Over 100 people marched on Chicago’s Magnificent Mile Thursday to protest low wages for retail and fast food workers as a part of the Fight For 15 Campaign, a new project of the Workers Organizing Committee of Chicago.

“I literally live paycheck to paycheck, like right now I have a dollar and thirty-six cent in my bank account,” said Kenyanna Brown. She works at Victoria’s Secret in Watertower Place for $8.75 an hour; Illinois’ current minimum wage is $8.25. “If I didn’t live with my mom I’d be on the streets, I wouldn’t be able to provide for myself.”

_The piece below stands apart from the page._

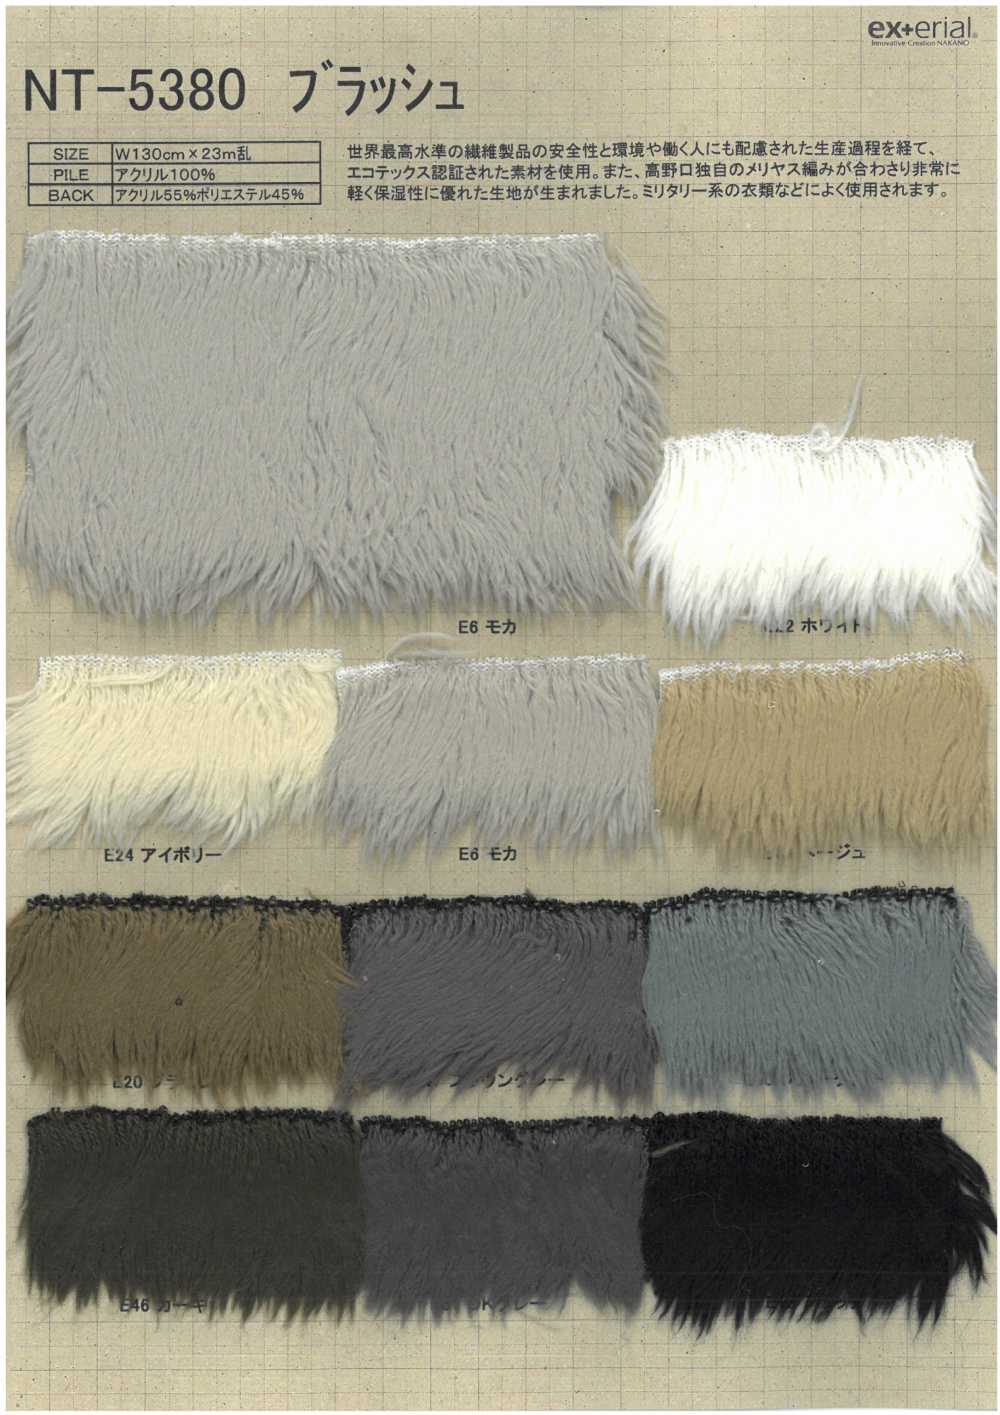 NT-5380 Craft Fur [Brush][Textile / Fabric] Nakano Stockinette Industry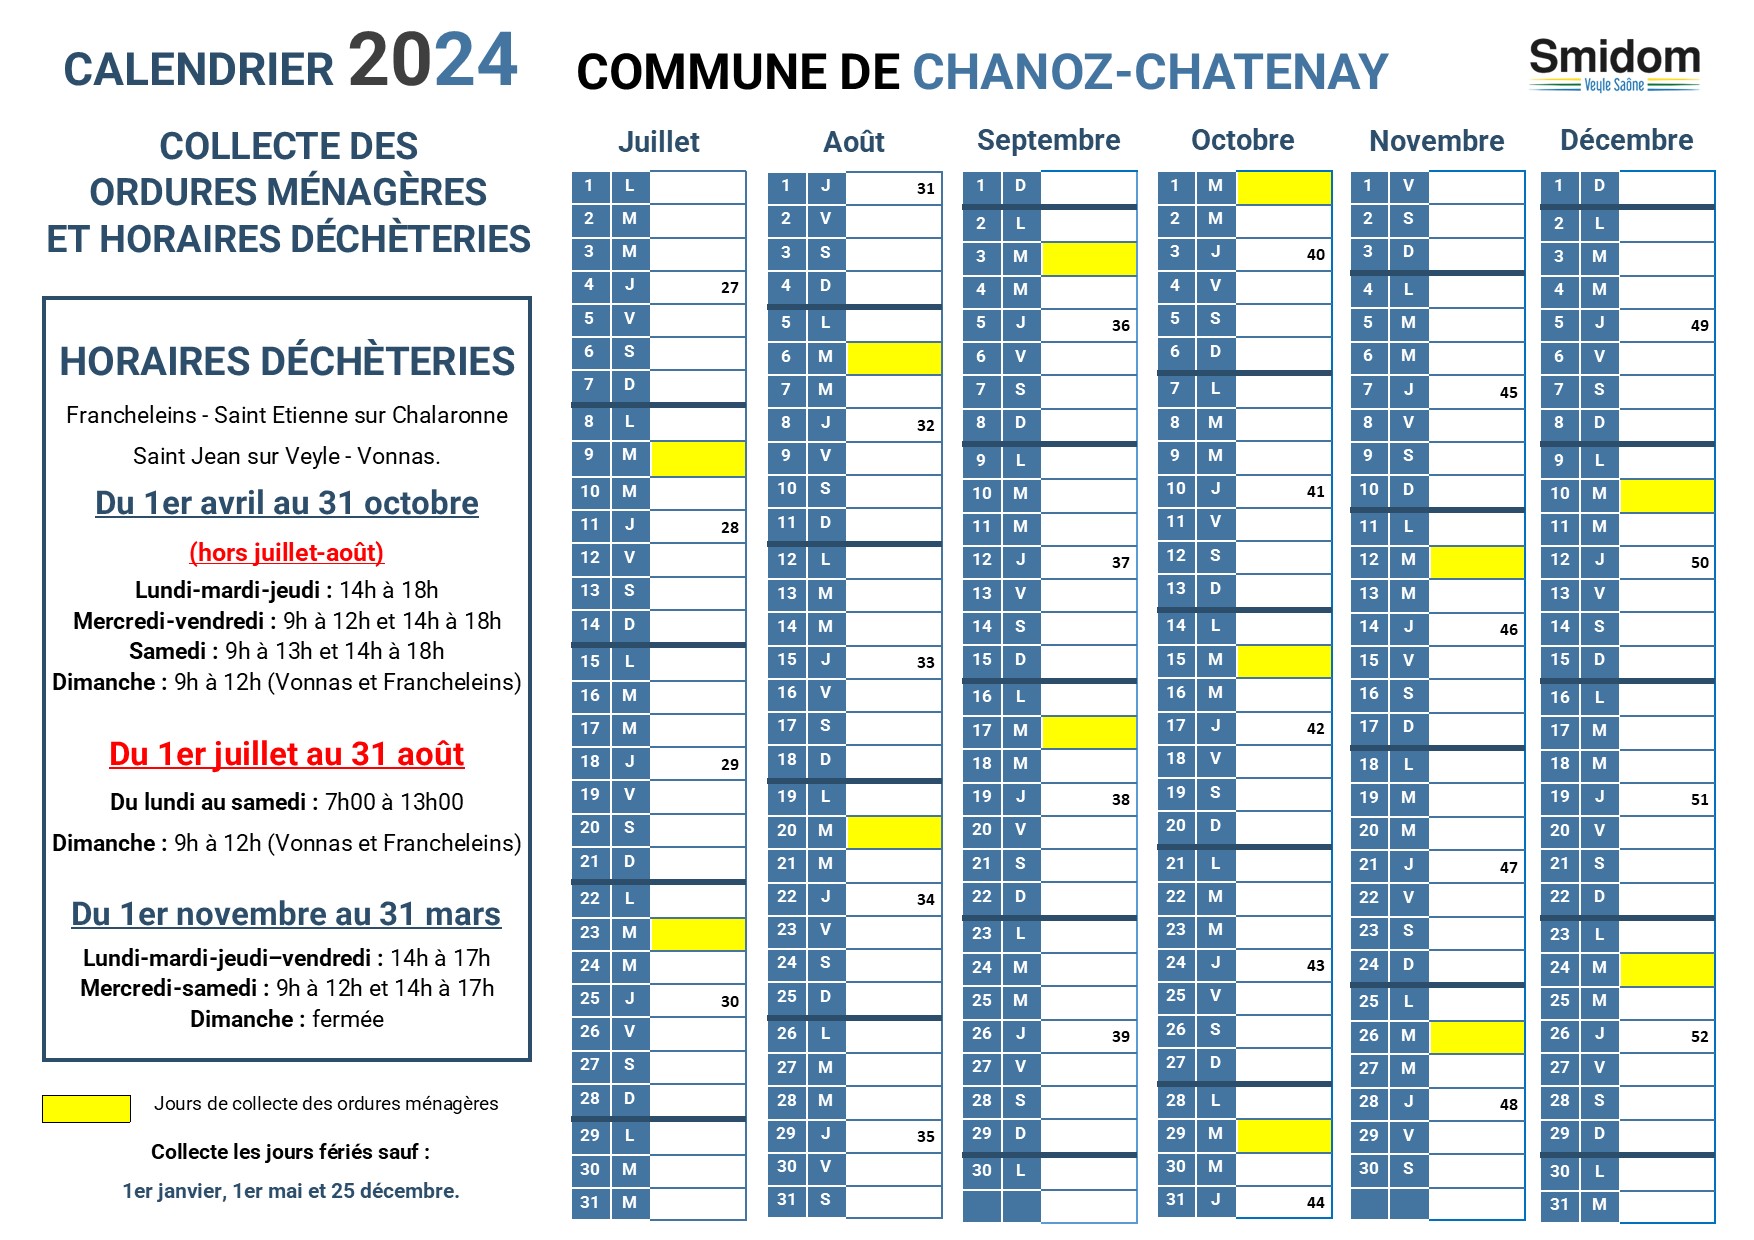 CHANOZ CHATENAY - Calendrier 2024 - 2.jpg

Protesters delivered a letter to the Greater North Michigan Avenue Association, a downtown business group, and asked for a response by Dec. 22.

Brown said she was part of the small group who launched the campaign last month. The committee is affiliated with the community organization Action Now, and many who attended the protest wore Service Employees International Union (SEIU) shirts and hats. Protesters represented their home neighborhoods with large canvas signs.

Kenyanna Brown spoke at the rally. (WBEZ/Lewis Wallace)

A recent study by the National Employment Law Project says that although only 21 percent of jobs lost in the recession were in low-wage occupations, jobs paying less that $13.84 per hour account for 58 percent of new positions created since 2008. Of those new low-wage jobs, the sectors with the most growth are retail sales and food preparation.

And more low-wage workers in Chicago are above the age of 30 or supporting a whole household, according to a study affiliated with the campaign.

“I think that there’s a misconception of the people that do work for minimum wage,” said Amie Crawford, another organizer. She’s 56 and works at downtown health-food store Protein Bar after struggling to find work in her profession as an interior designer. “I feel that they - we - are dismissed because we’re high school kids or we’re retired people that just want extra money...that’s not true.”

Fight For 15 has links to a similar effort in New York that organized a fast food worker walk-out in November.